__Dataset records__.
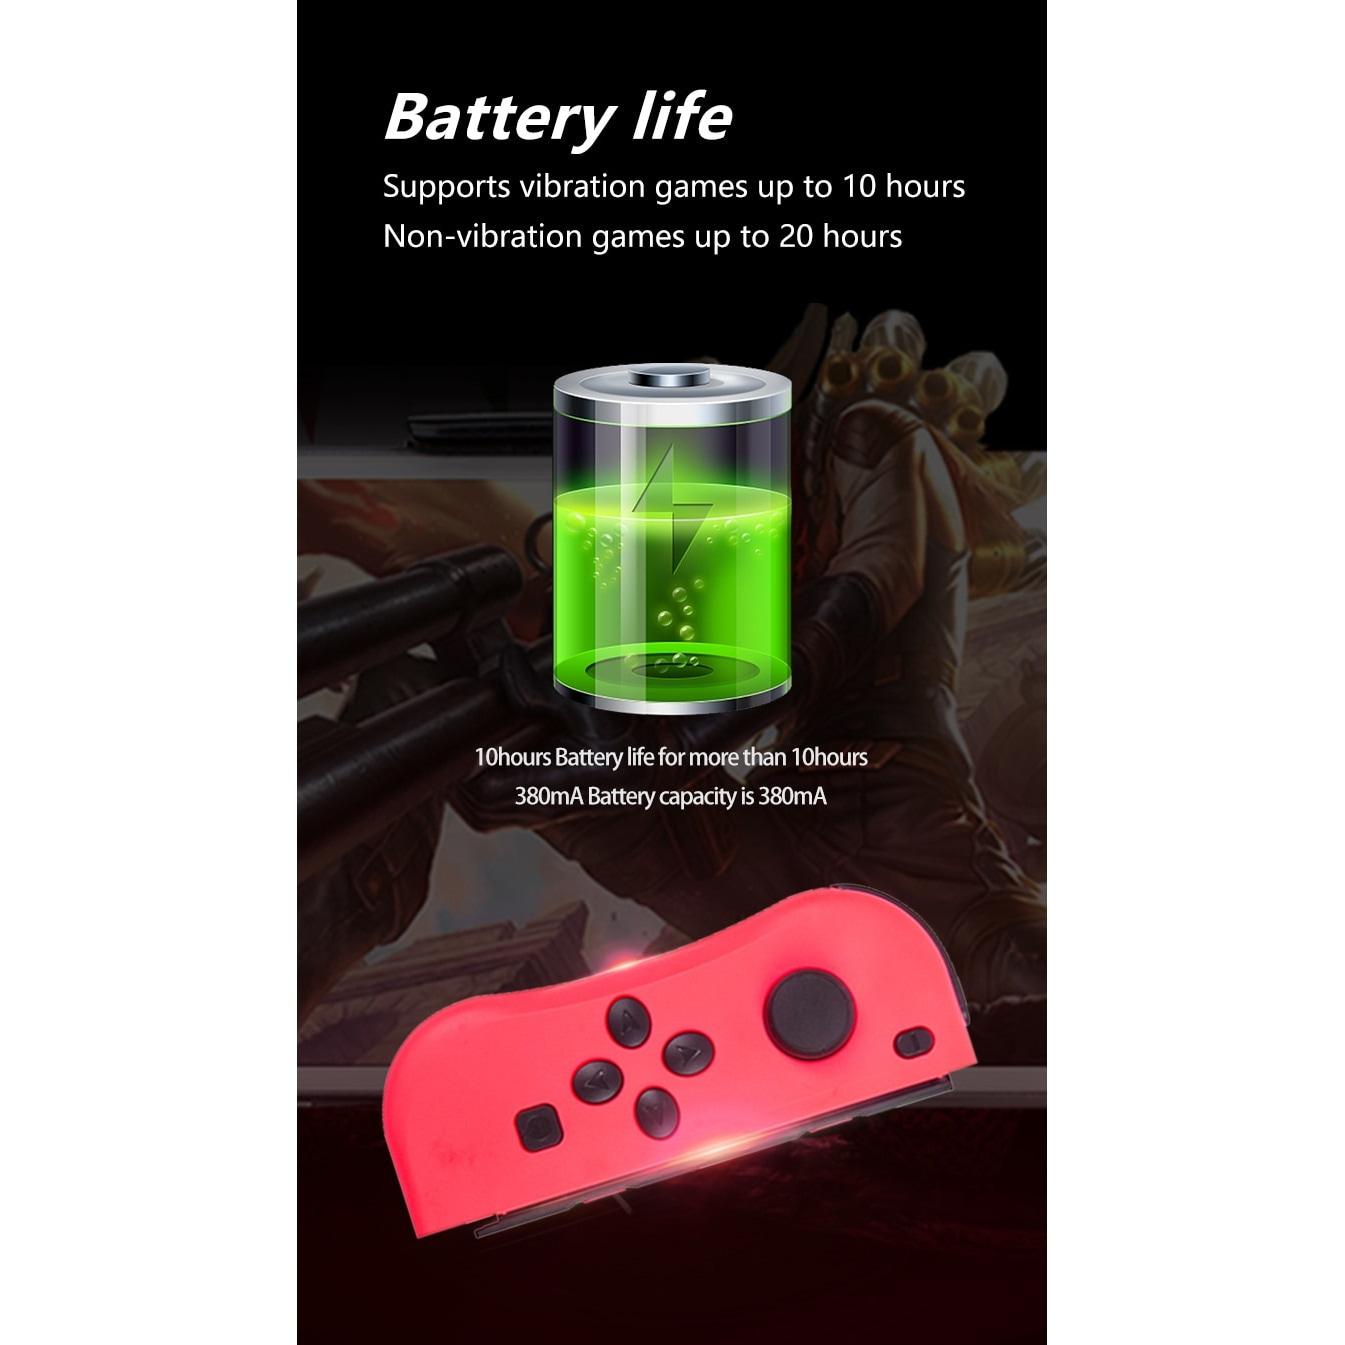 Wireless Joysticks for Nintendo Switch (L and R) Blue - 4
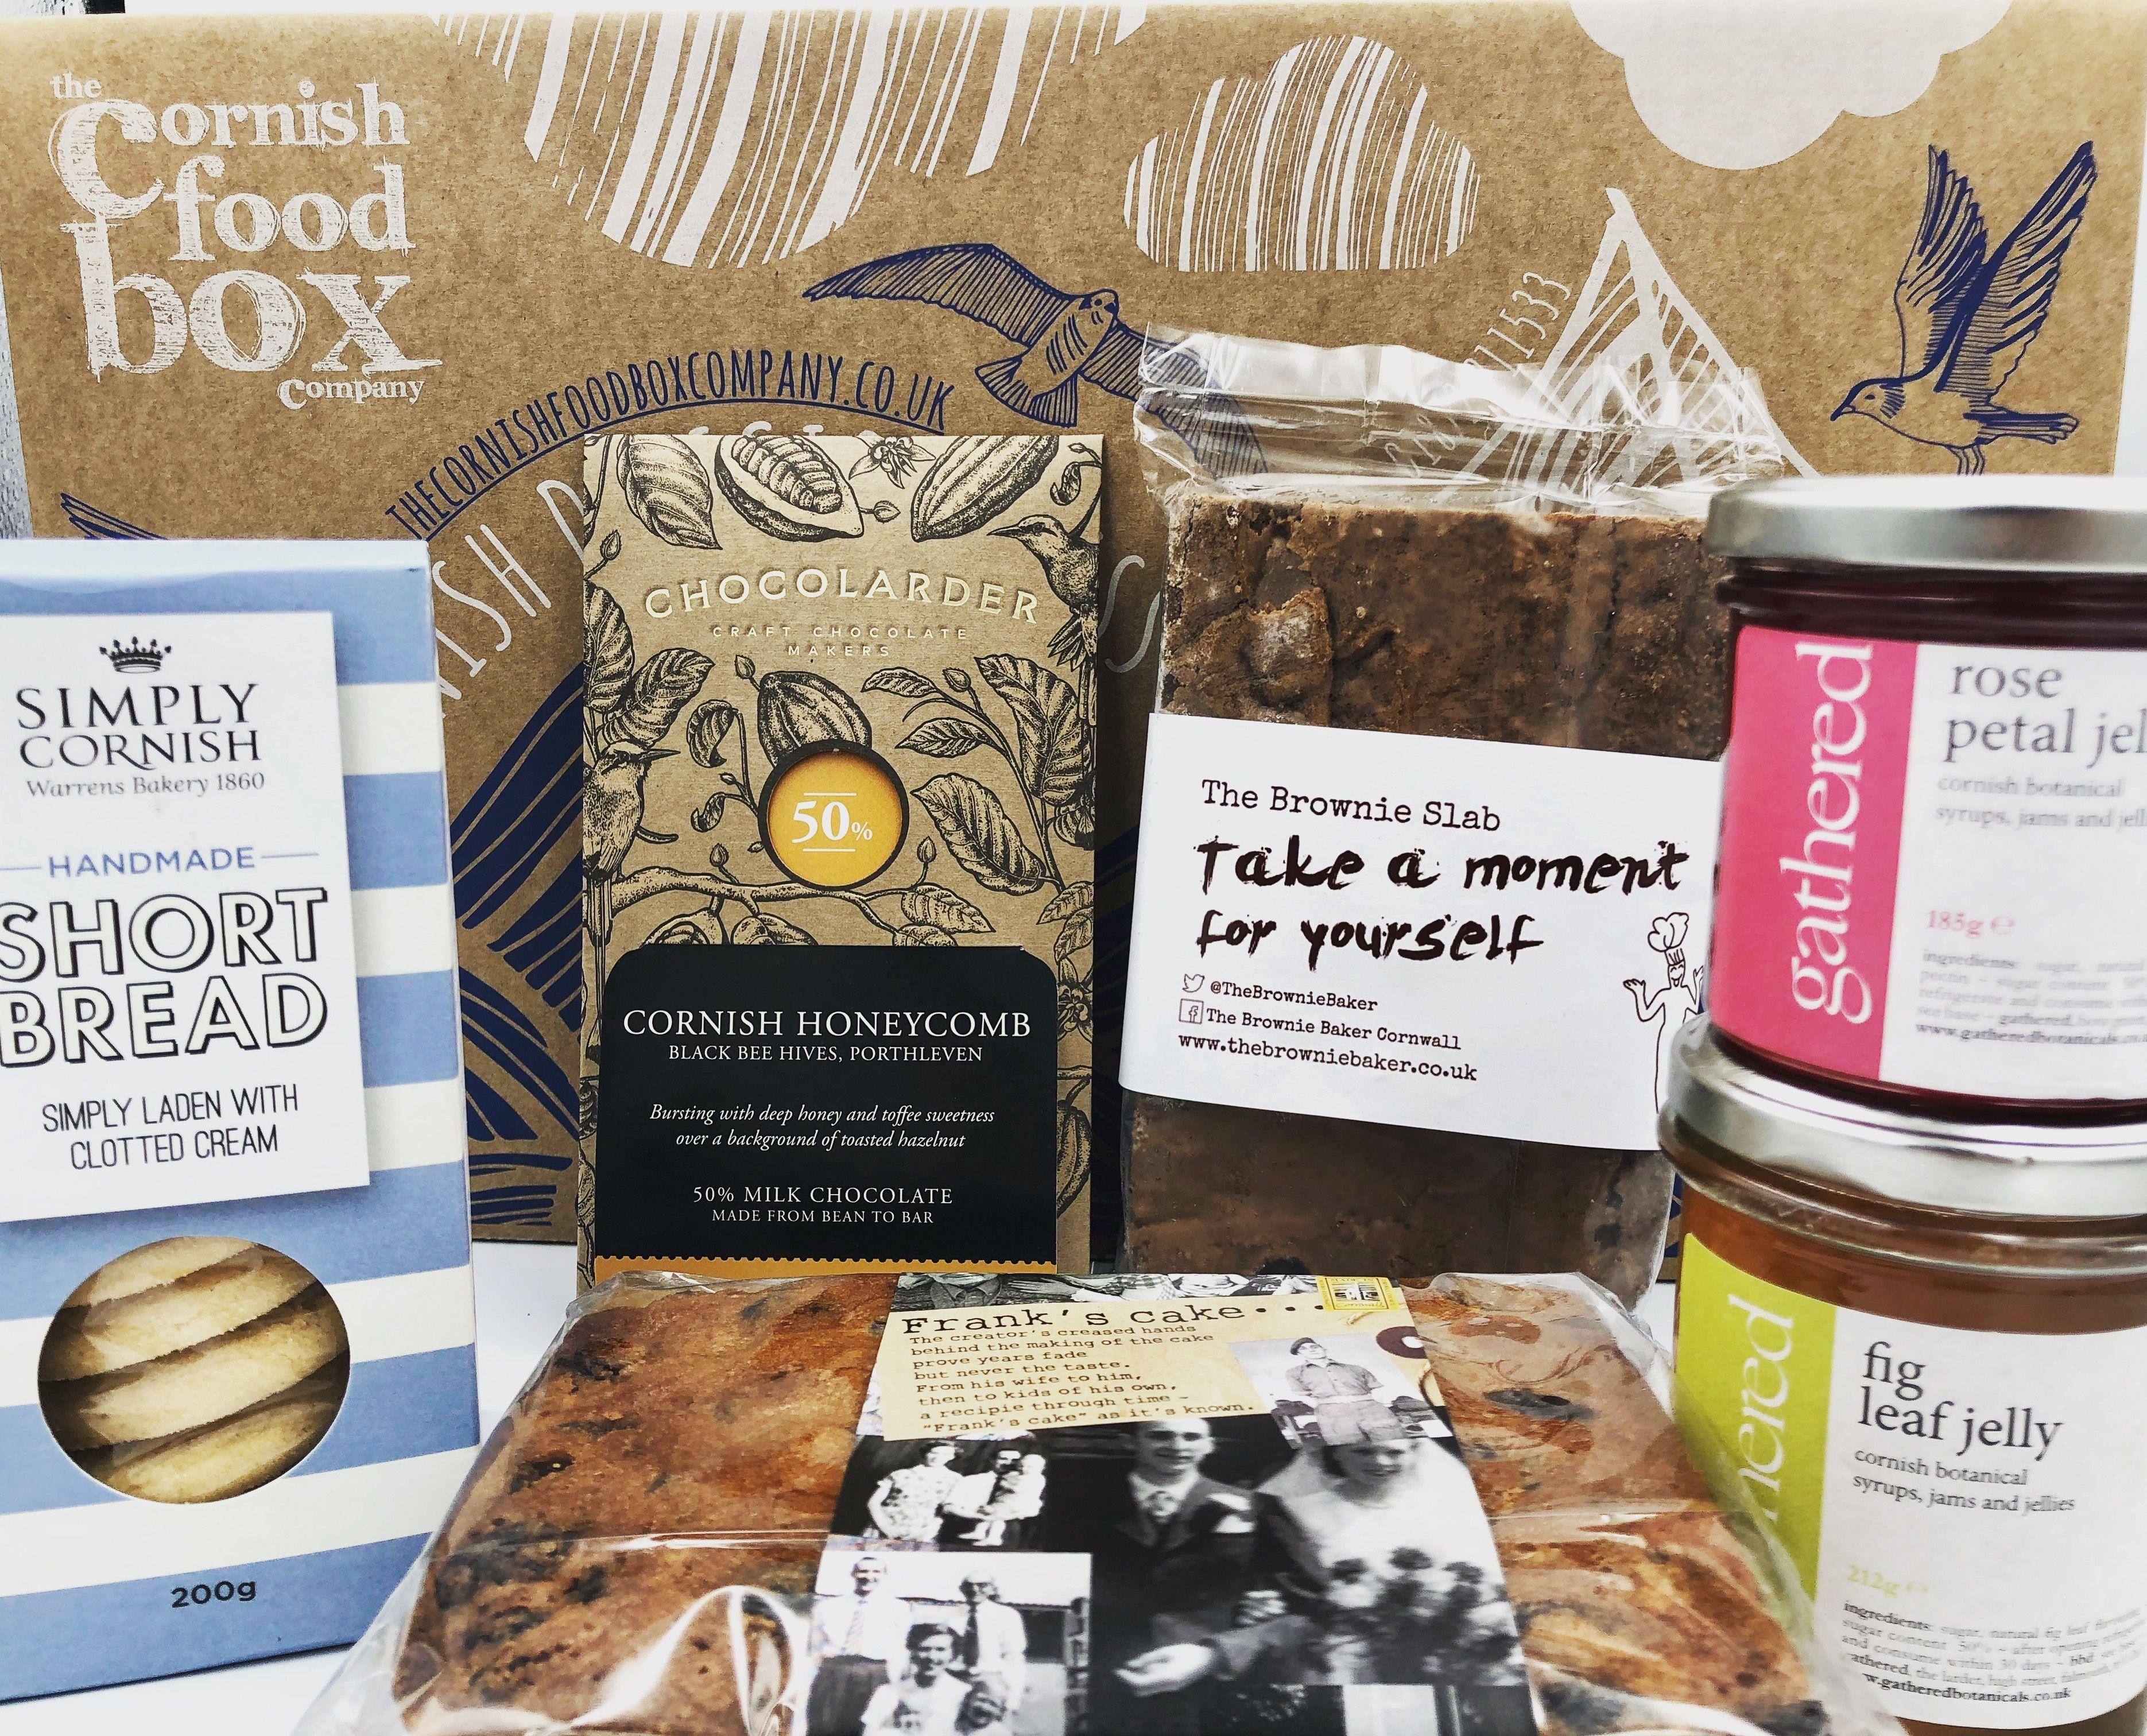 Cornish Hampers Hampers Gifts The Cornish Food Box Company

==

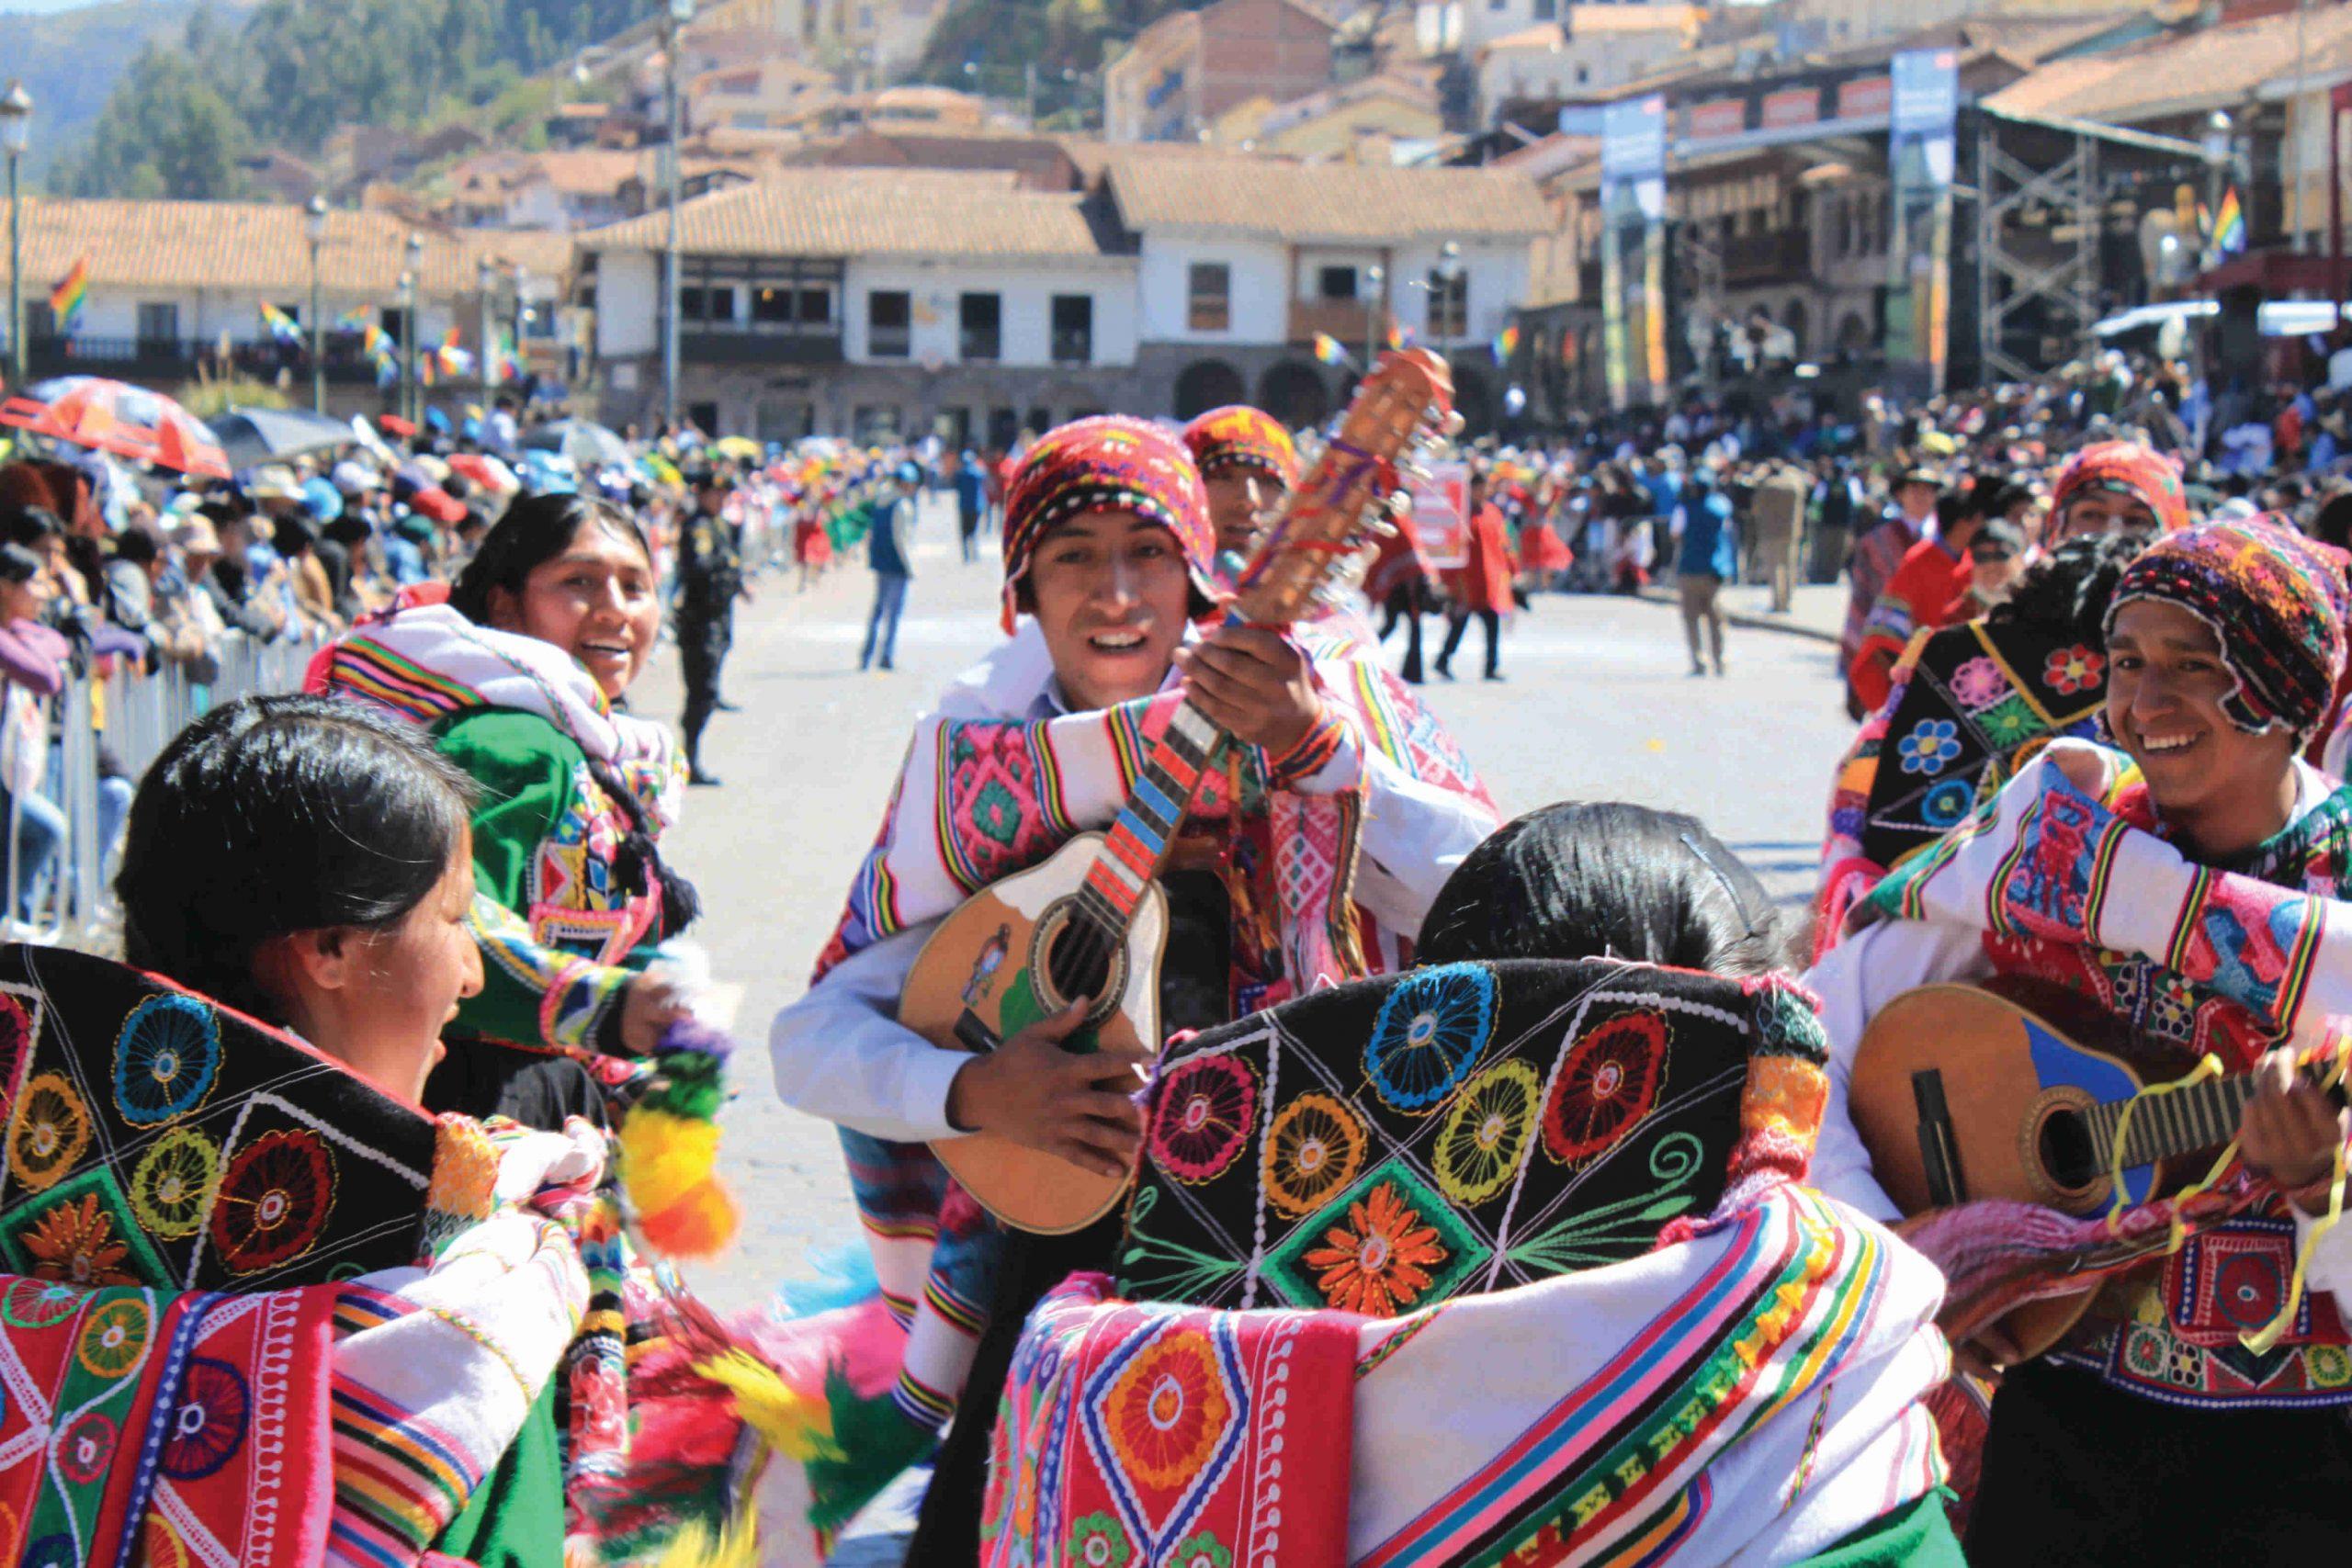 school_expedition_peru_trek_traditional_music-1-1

__Exercise__.
Among the records above, locate the line containing "Wireless Joysticks for" and the line containing "Cornish Hampers Hampers", then transcribe exactly the lines starting at the first and ending at the second, with no pictures.

__Problem solution__.
 Wireless Joysticks for Nintendo Switch (L and R) Blue - 4
 Cornish Hampers Hampers Gifts The Cornish Food Box Company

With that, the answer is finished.